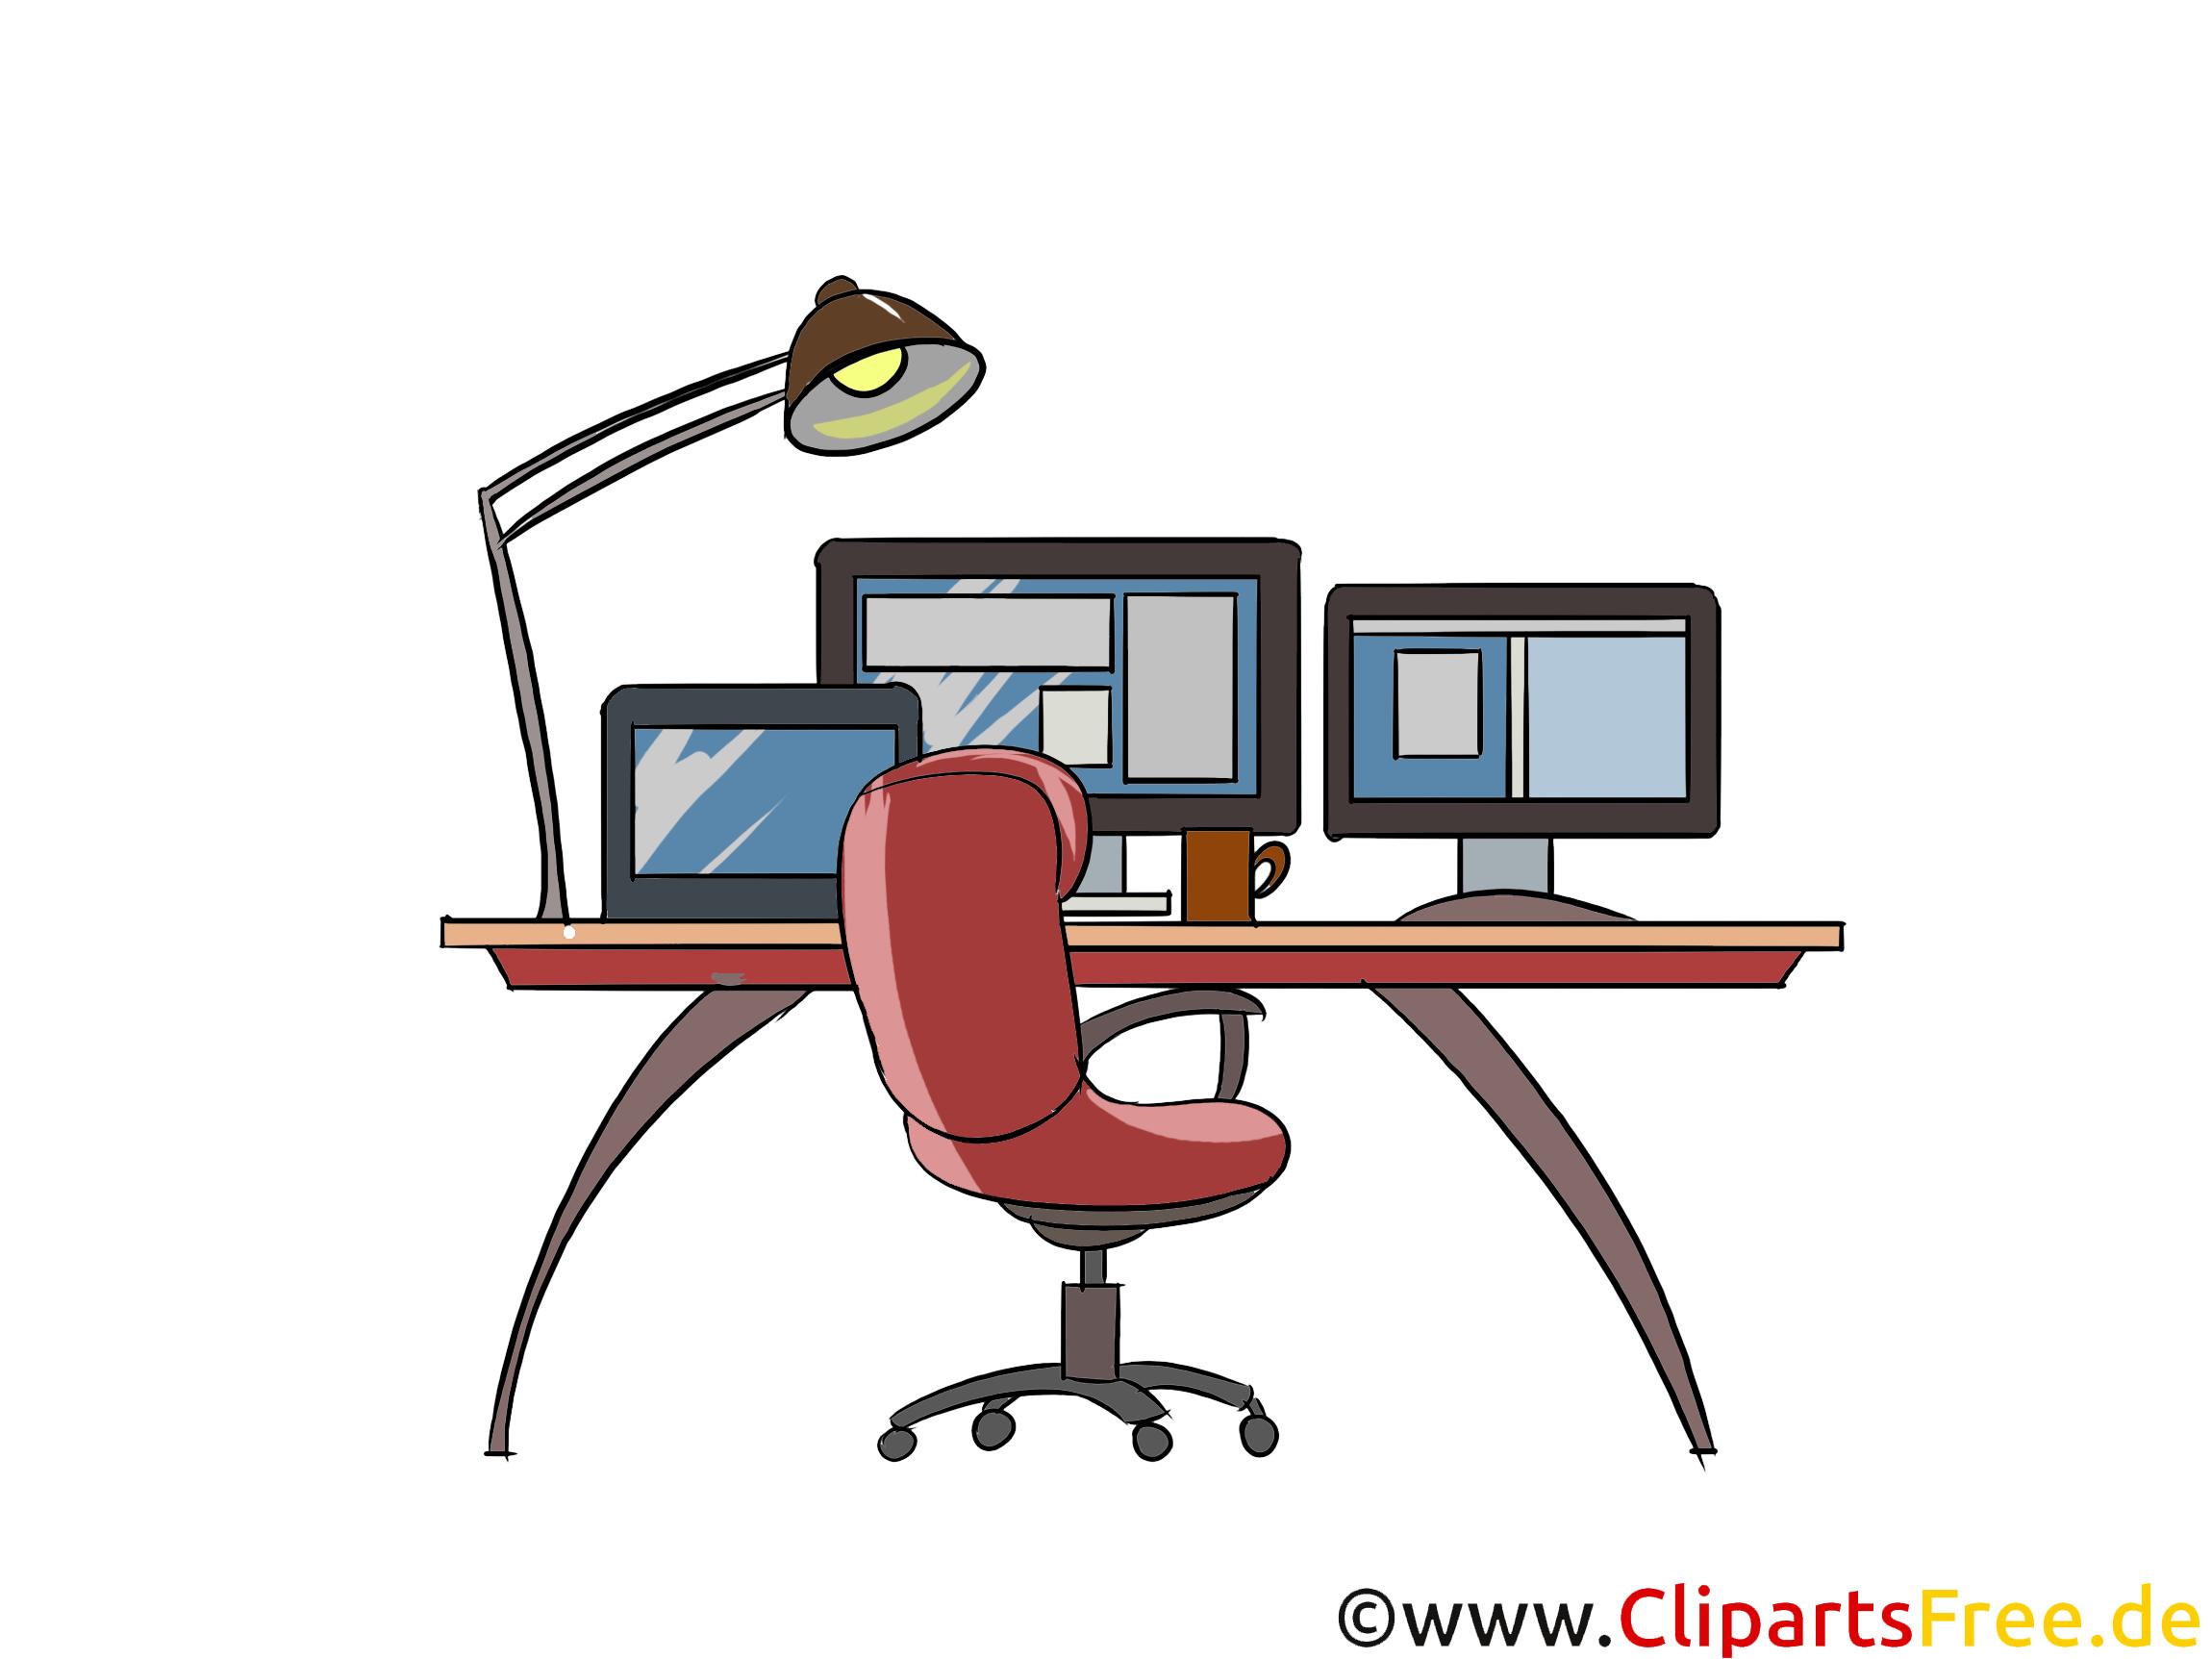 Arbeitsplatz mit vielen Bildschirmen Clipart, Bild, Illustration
--------------------------------
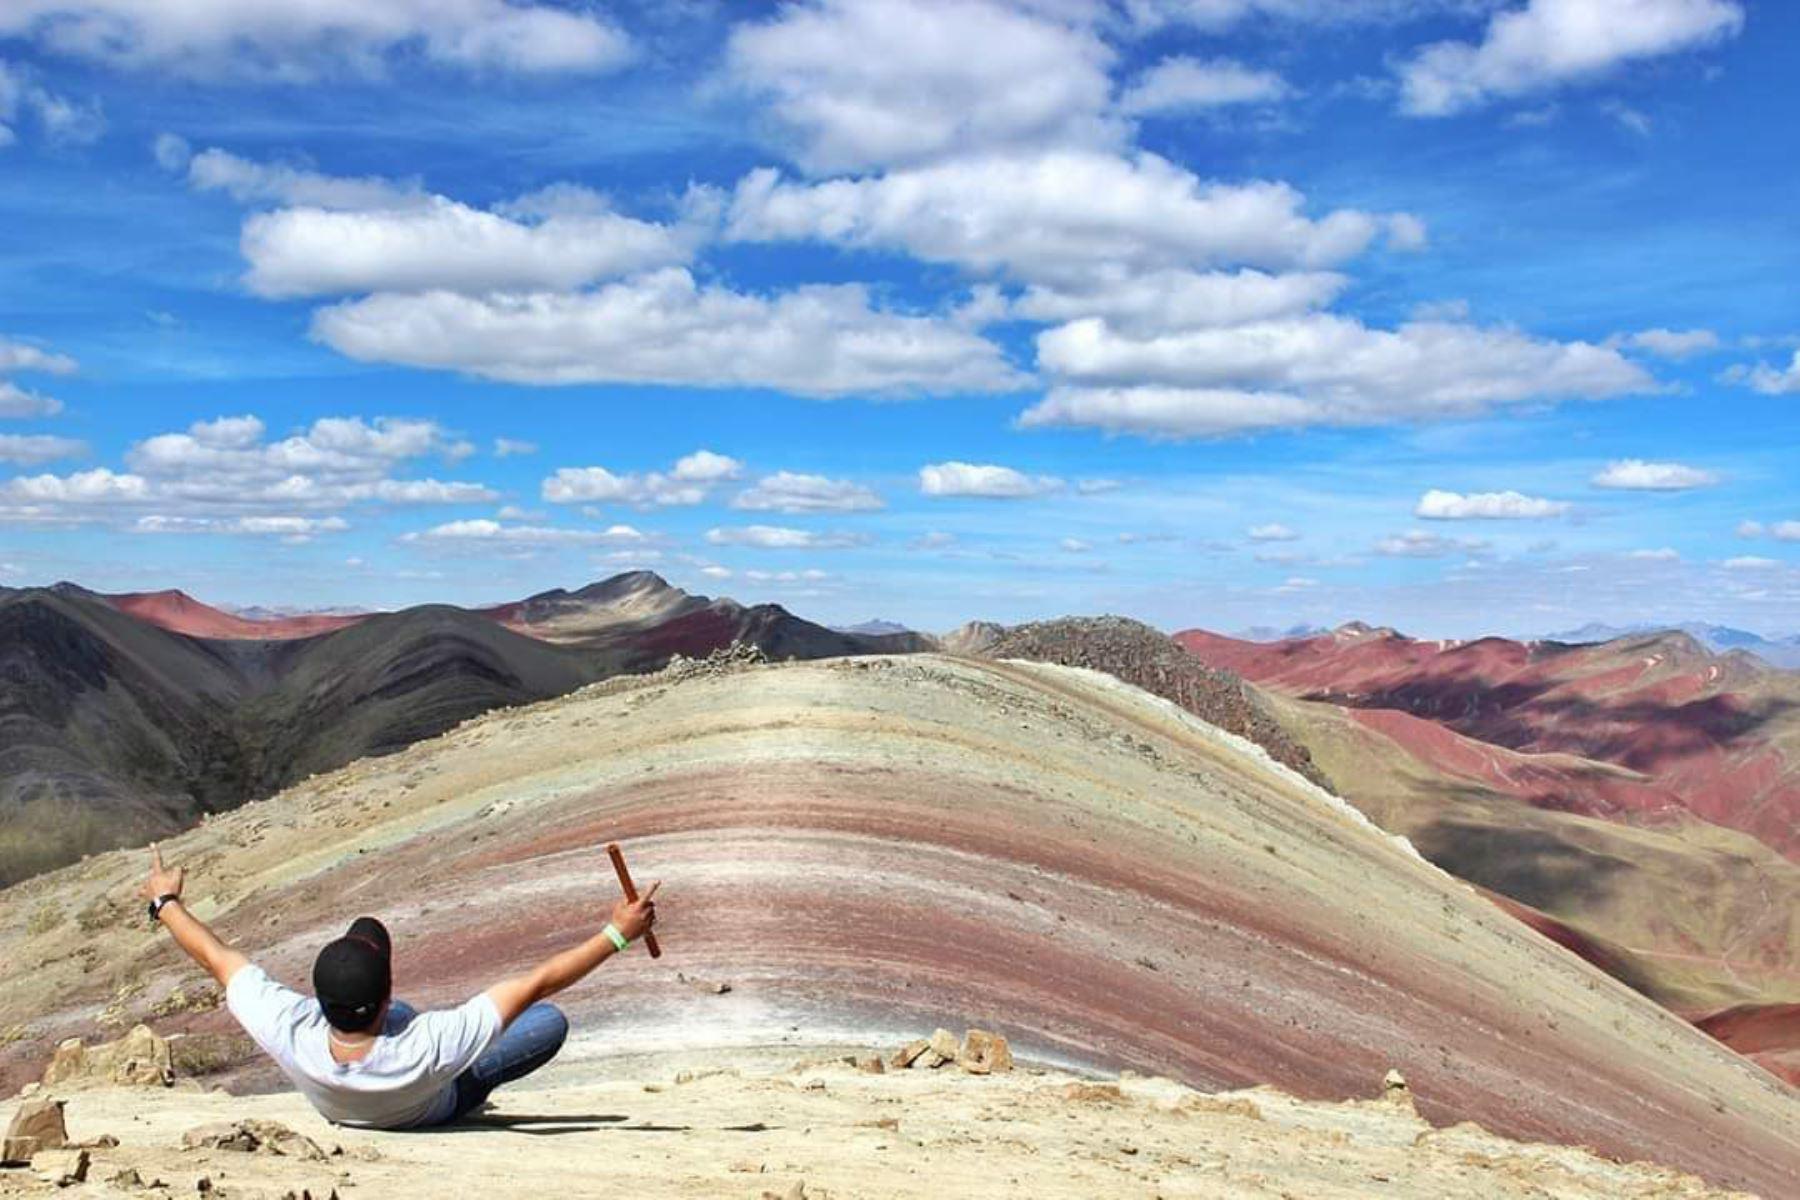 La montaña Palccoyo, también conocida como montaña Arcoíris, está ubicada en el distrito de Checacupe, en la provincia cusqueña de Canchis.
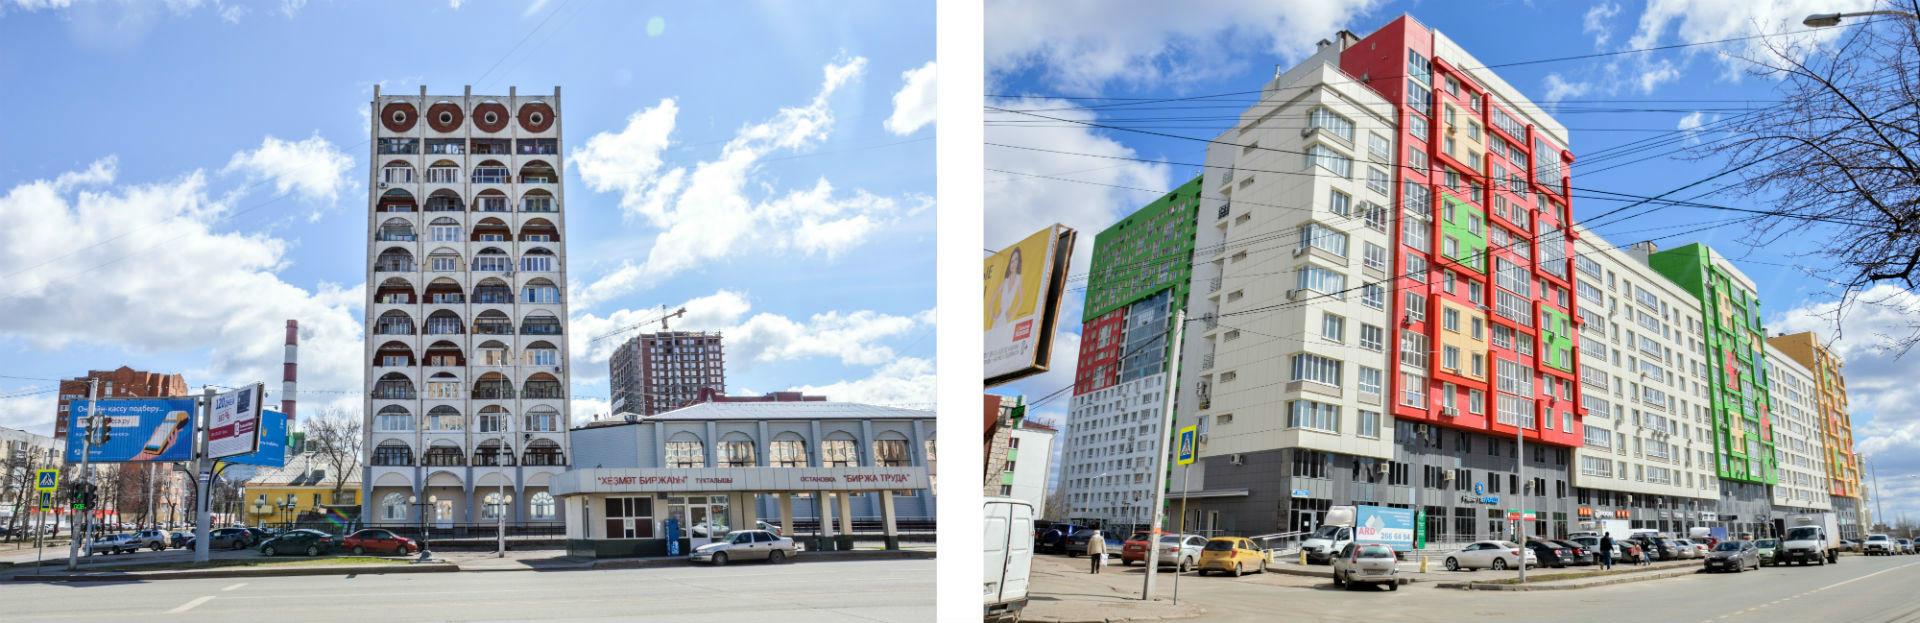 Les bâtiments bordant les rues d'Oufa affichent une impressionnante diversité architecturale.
--------------------------------
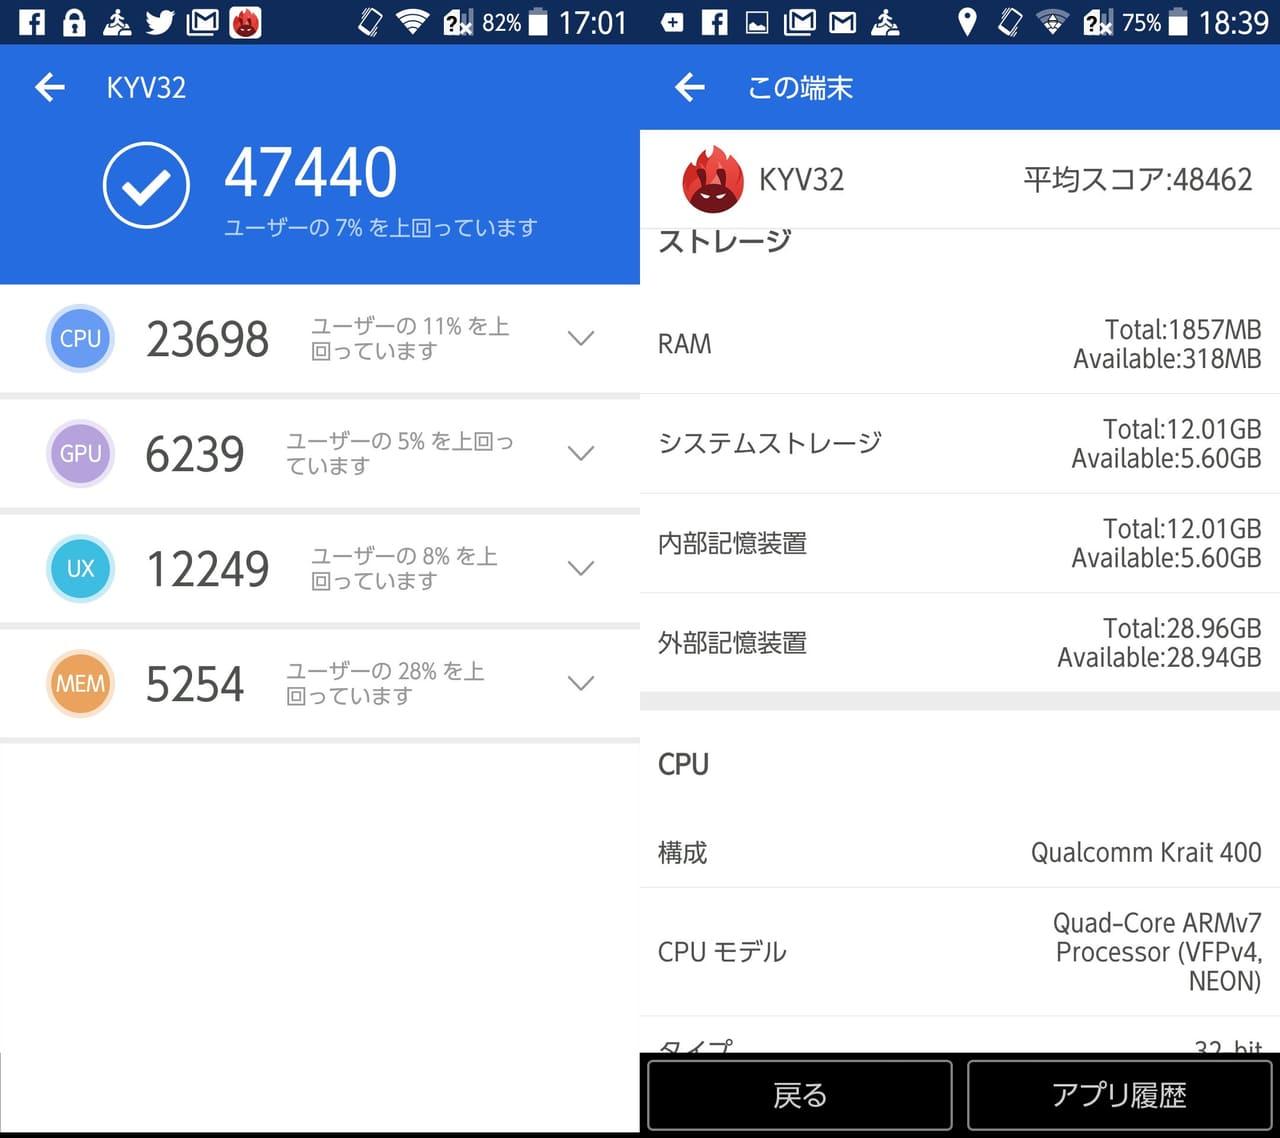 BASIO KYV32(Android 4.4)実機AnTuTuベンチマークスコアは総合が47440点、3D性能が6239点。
--------------------------------
What is needed:
Everything between and including the line above containing "La montaña Palccoyo, también" and the line containing "Les bâtiments bordant" should be reproduced exactly, with pictures excluded.

Output below:
 La montaña Palccoyo, también conocida como montaña Arcoíris, está ubicada en el distrito de Checacupe, en la provincia cusqueña de Canchis.
 Les bâtiments bordant les rues d'Oufa affichent une impressionnante diversité architecturale.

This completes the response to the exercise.